120 Scopus citations


Aim: The effects of planted forests on soils are of great concern in the context of the increasing demands for timber production and atmospheric CO 2 sequestration. However, the effects of plantations on soil properties have not well been quantified. We determined the effects of plantation practice on soil properties based on a comparison between natural forests and plantations. Locations: All the continents except for Antarctica. Methods: The meta-analysis approach was used to examine the differences in 14 soil variables in the mineral layer, including pH, bulk density, C, N, P, K, Ca, Mg, Na and Al concentrations, C/N ratio, cation exchangeable capacity, base saturation, and moisture between plantations and their adjacent natural forests from 73 published studies.
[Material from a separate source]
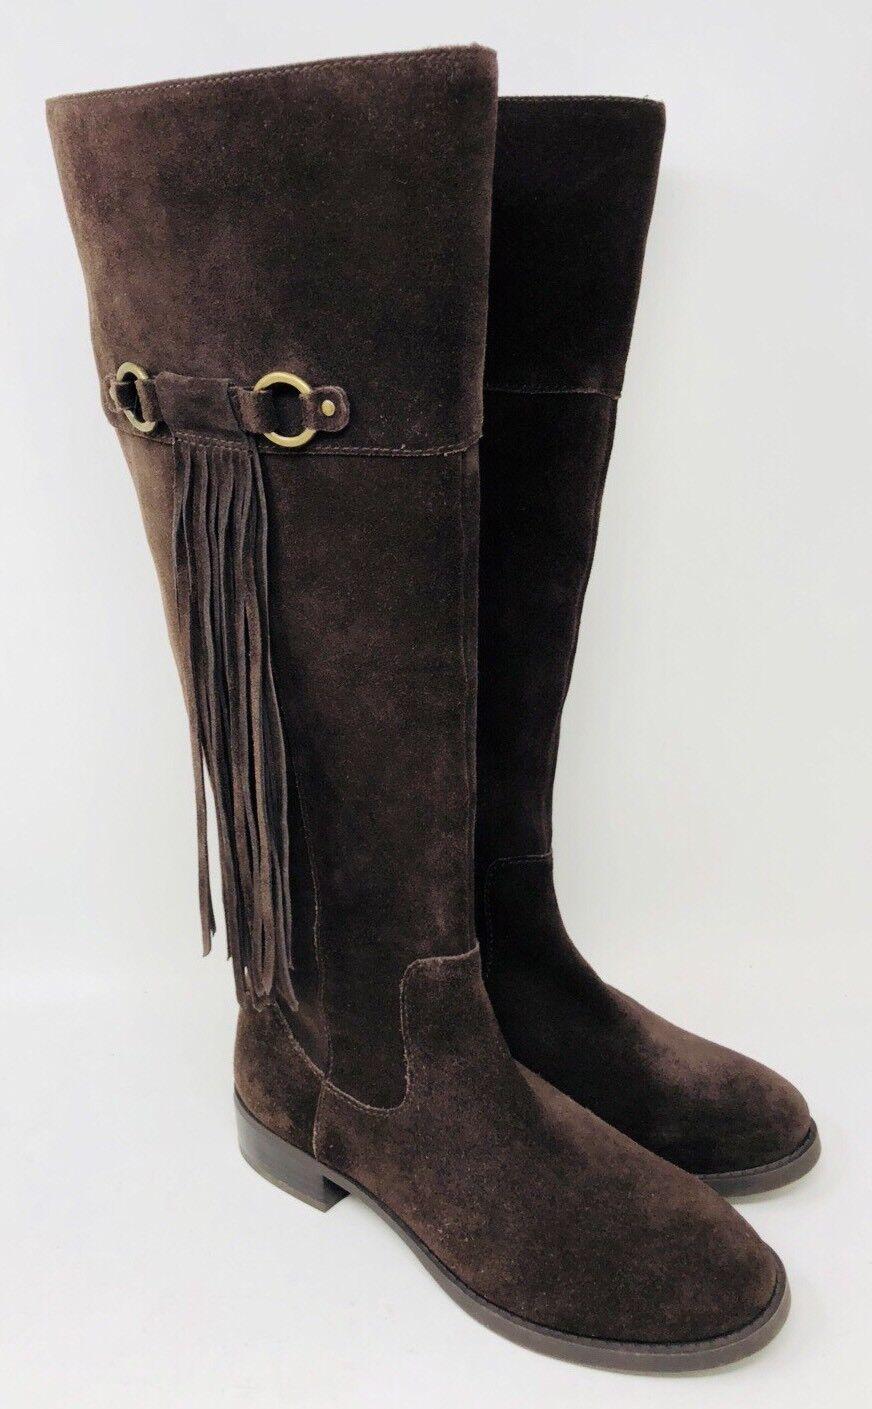 INC International Braun Concepts Fayerbrn Tall Stiefel Wide Calf Braun International Suede Größe 5.5 394e9b

Results: Plantations did not differ from natural forests in soil pH or soil Na and Al concentrations. Soil bulk density below plantations increased by 12.5%, and soil C and N concentrations decreased by 36.0% and 26.5%, respectively, relative to natural forests. The other eight variables were 8.4-30.6% lower in plantations than in natural forests. The general patterns also held true for planted trees from the genus Pinus and for study regions in China. The patterns for soil bulk density and C and N concentrations were not different between the two groups in relation to various factors: stand age (<25 years versus ≥ 25 years), leaf form (broadleaved versus coniferous) and leaf seasonality (deciduous versus evergreen), tree species origin (native versus exotic), land-use history (afforestation versus reforestation) and site preparation for plantations (burnt versus un-burnt treatment), and biogeographic zone (tropical versus temperate). Main conclusions: Our results suggest that the level of soil fertility in plantations is unlikely to restore to the level in natural forests, implying that the replacement of natural forests by plantations may be a practice best avoided to maintain the ecosystem sustainability.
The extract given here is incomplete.